THE FINAL FATE OF CRAZY RACHEL
Losing a fiance, trapping an ex-fiance, and coming into the possession of an ancient treasure seems to have driven Rachel Howells around the bend, if she wasn’t halfway there to start with. Yet Holmes seems to think that she’s in enough command of her faculties to book passage out of the country . . . but was she? Is it more likely that a poor demented servant girl got aboard a ship for the Continent or America, or that she was taken in by some isolated farmer who either nursed her back to mental health or abused her until she died? Would a wandering lunatic have wound up in some low-rent public asylum? What other possible fates awaited a fleeing basket-case?

THE REAL MUSGRAVE TREASURE
We know that a bag of nasty-looking old metal and things wound up in the mere. But was this just the “trash” portion of the hidden box? Would anyone only keep a few coins and a few stones in a royal crown? Did more recognizable pieces of gold and jewels survive, to be kept by the “not as crazy as she seemed” Rachel Howells? Is this why Holmes thought she fled the country? Could a servant girl with a bag of gold and jewels make a life for herself in America or Europe, or was she just fodder for villainy?

THE PLURAL OF MUSGRAVE
“They have the crown down at Hurlstone,” Holmes says, “though they had some legal bother and a considerable sum to pay before they were allowed to retain it.

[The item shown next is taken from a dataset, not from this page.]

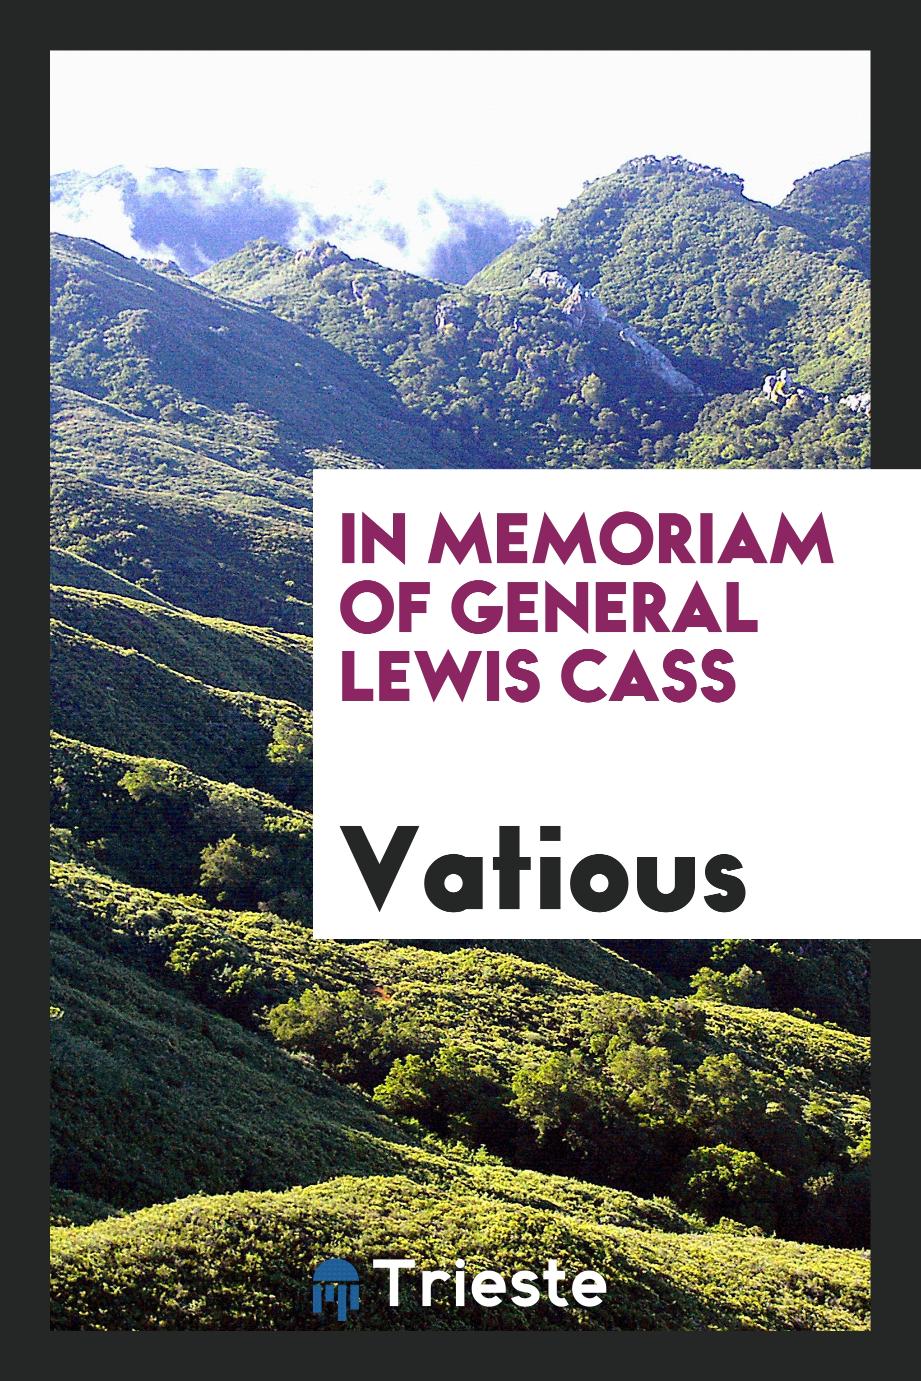 In memoriam of General Lewis Cass

I am sure that if you mentioned my name they would be happy to show it to you.”

Who is this “they” Holmes speaks of, when Sir Reginald was a single man during the time Holmes helped him? Should we infer that Sir Reginald had gained a family by the time Holmes tells the tale to Watson, and that Holmes has kept up on his old schoolmate enough to know this?

Brad Keefauver

The Seventeen Steps originally appeared on the Hounds of the Internet e-list from September 2000 to October 2001 and later on the Sherlock Peoria blog.

Brad Keefauver, the 41st Garrideb, is the author of The Elementary Methods of Sherlock Holmes, Sherlock and the Ladies, and The Armchair Baskerville Tour. Former publisher of The Holmes & Watson Report, The Dangling Prussian, and a whole lot of obscure, collectable little things on our boy Sherlock. Keefauver is a member of the Baker Street Irregulars and the Adventuresses of Sherlock Holmes.